▶ **Action item**: Copy out and return the lines from the one holding "Kalhoty ALI, bavlna" to the end of the listing below, both included, omitting the pictures.

▶ **Given information**:
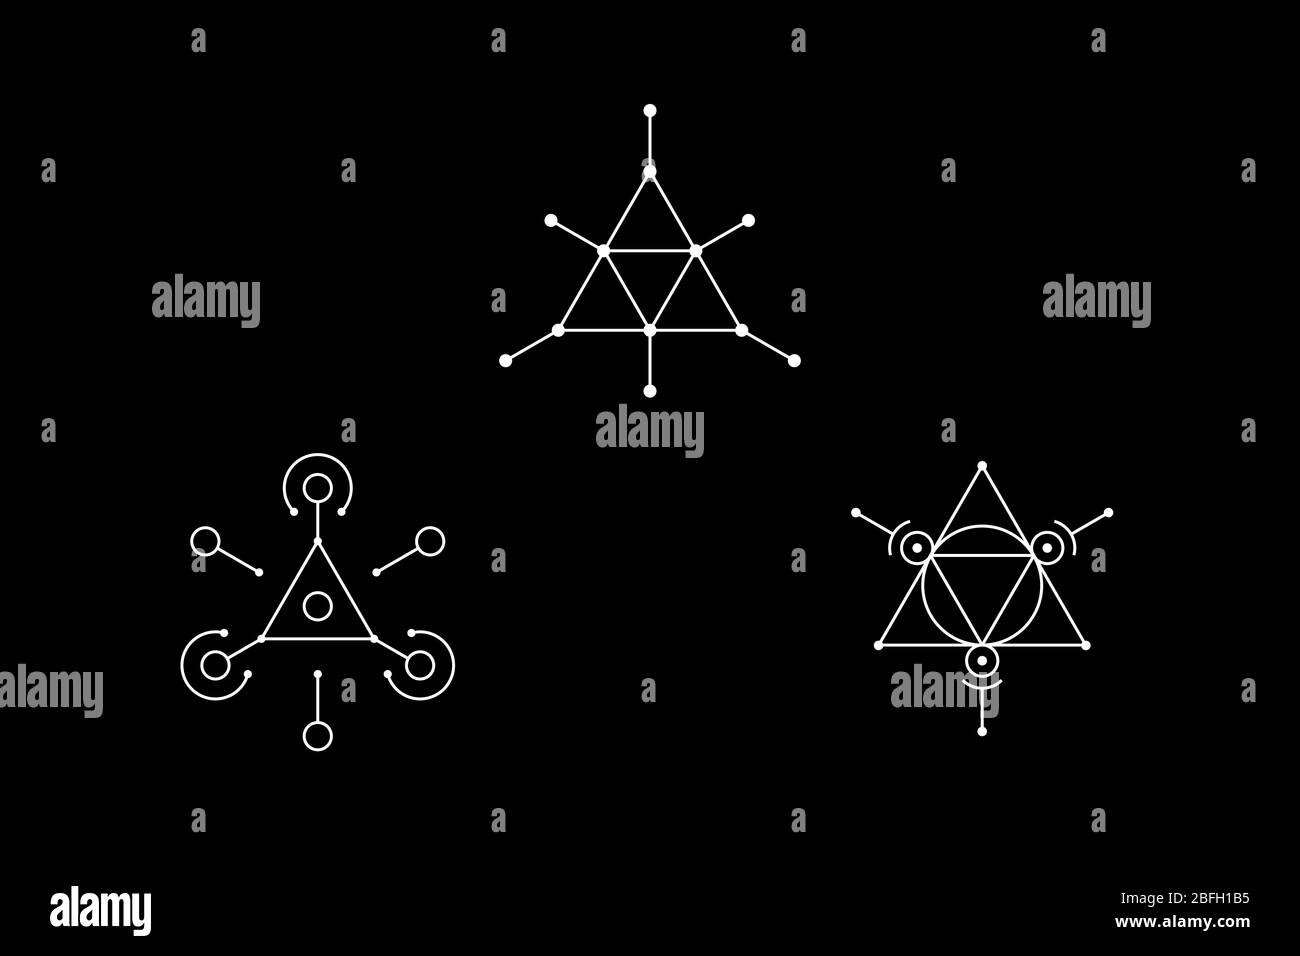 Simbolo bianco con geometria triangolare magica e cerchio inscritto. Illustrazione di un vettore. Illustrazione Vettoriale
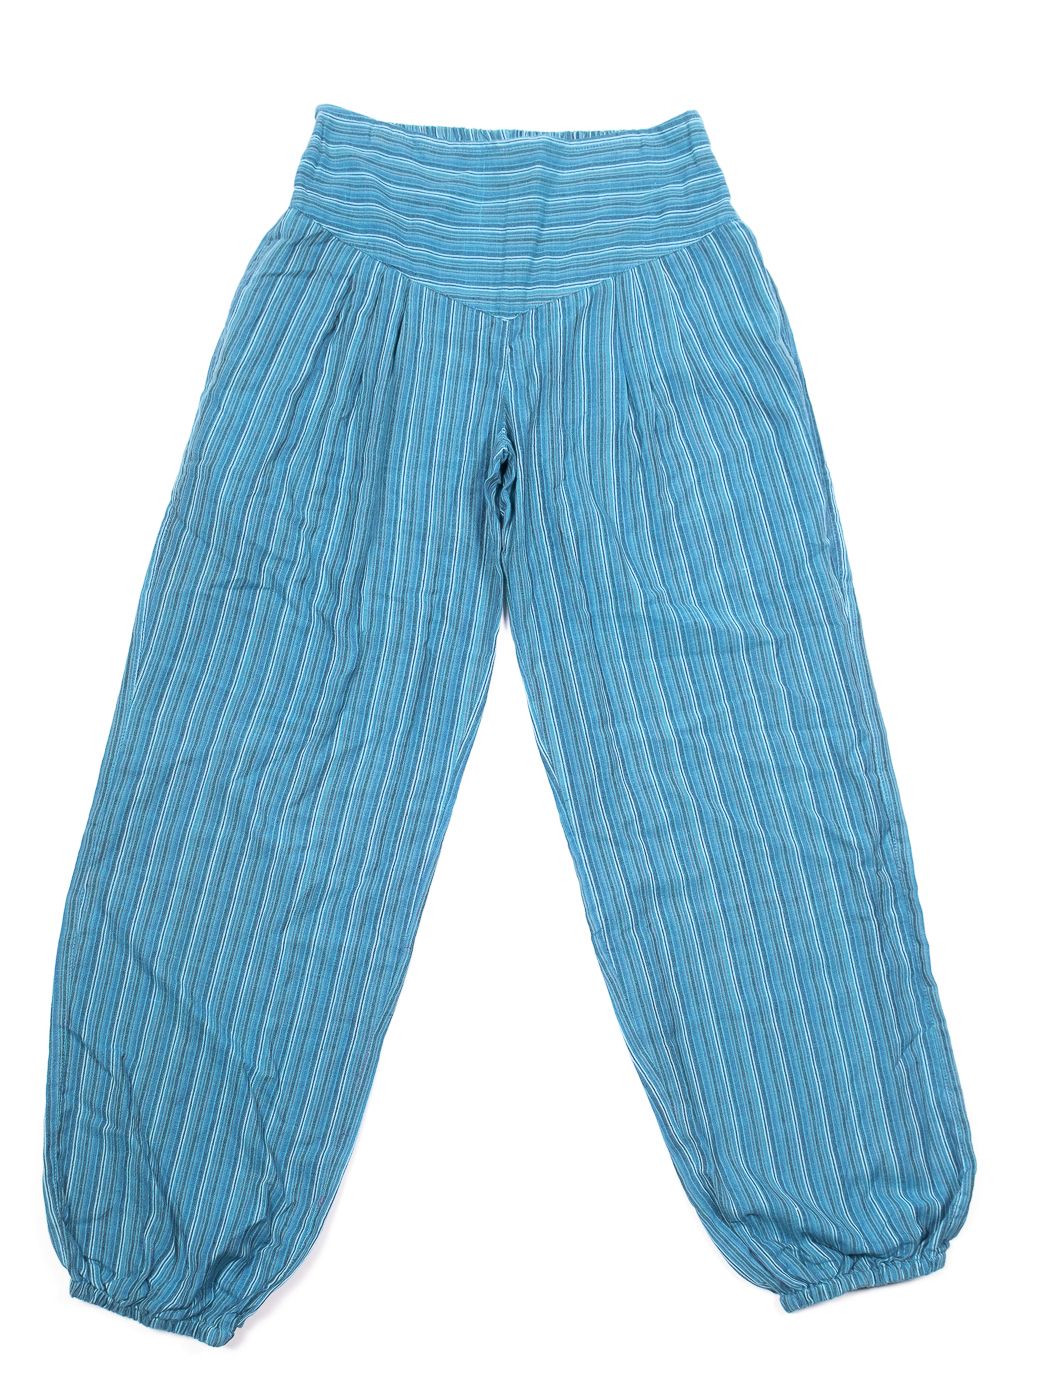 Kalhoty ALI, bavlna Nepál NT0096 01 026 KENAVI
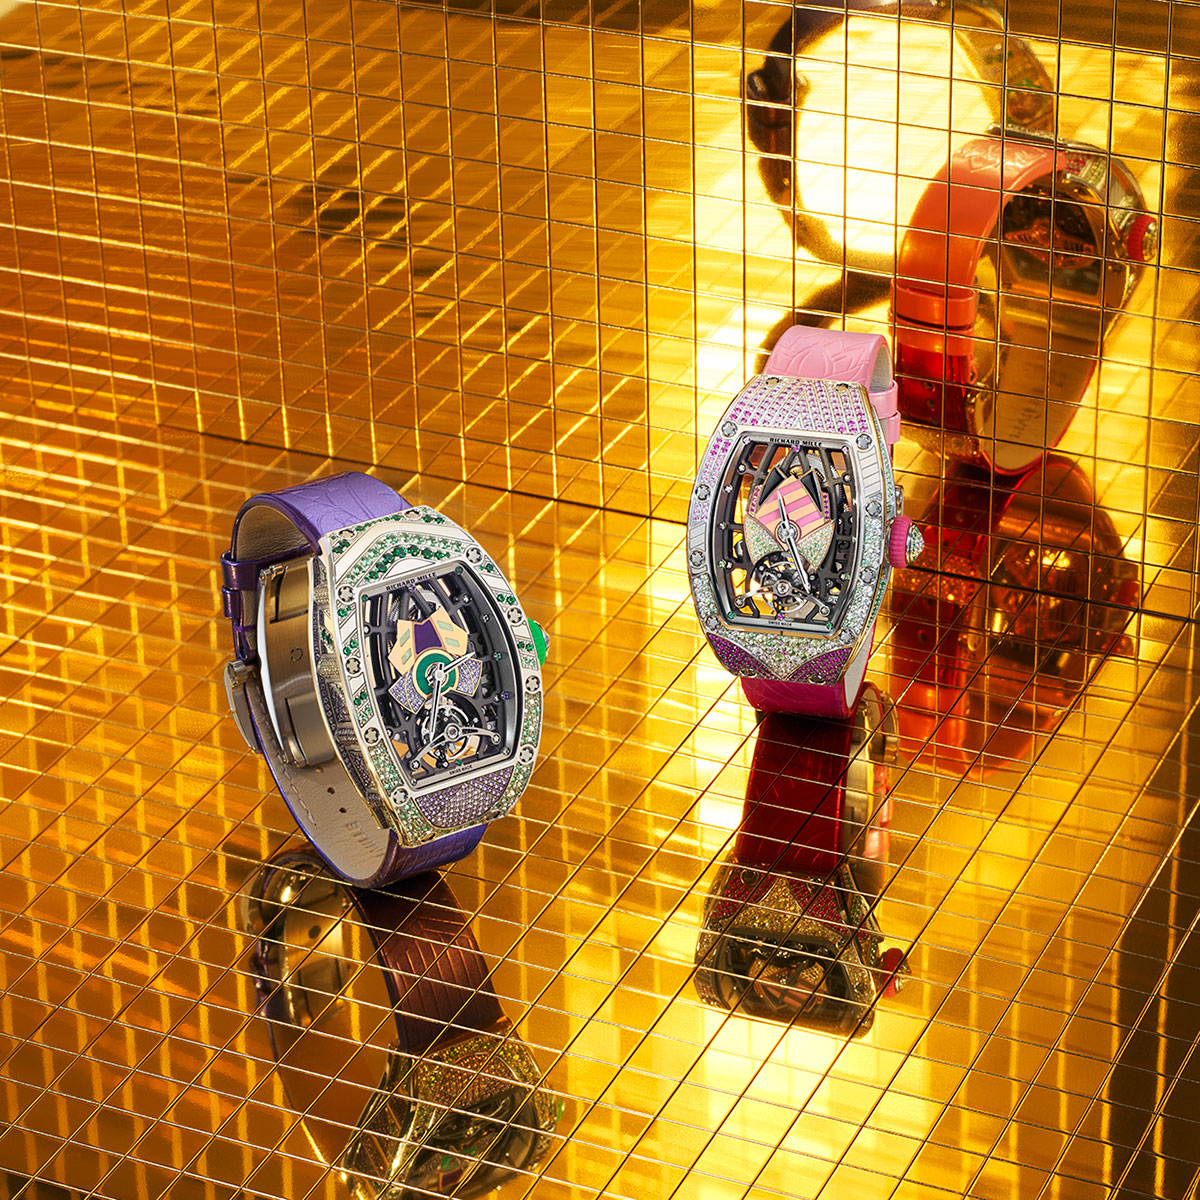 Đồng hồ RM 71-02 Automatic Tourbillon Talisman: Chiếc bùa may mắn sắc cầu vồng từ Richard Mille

▶ **Final answer**:
 Kalhoty ALI, bavlna Nepál NT0096 01 026 KENAVI
 Đồng hồ RM 71-02 Automatic Tourbillon Talisman: Chiếc bùa may mắn sắc cầu vồng từ Richard Mille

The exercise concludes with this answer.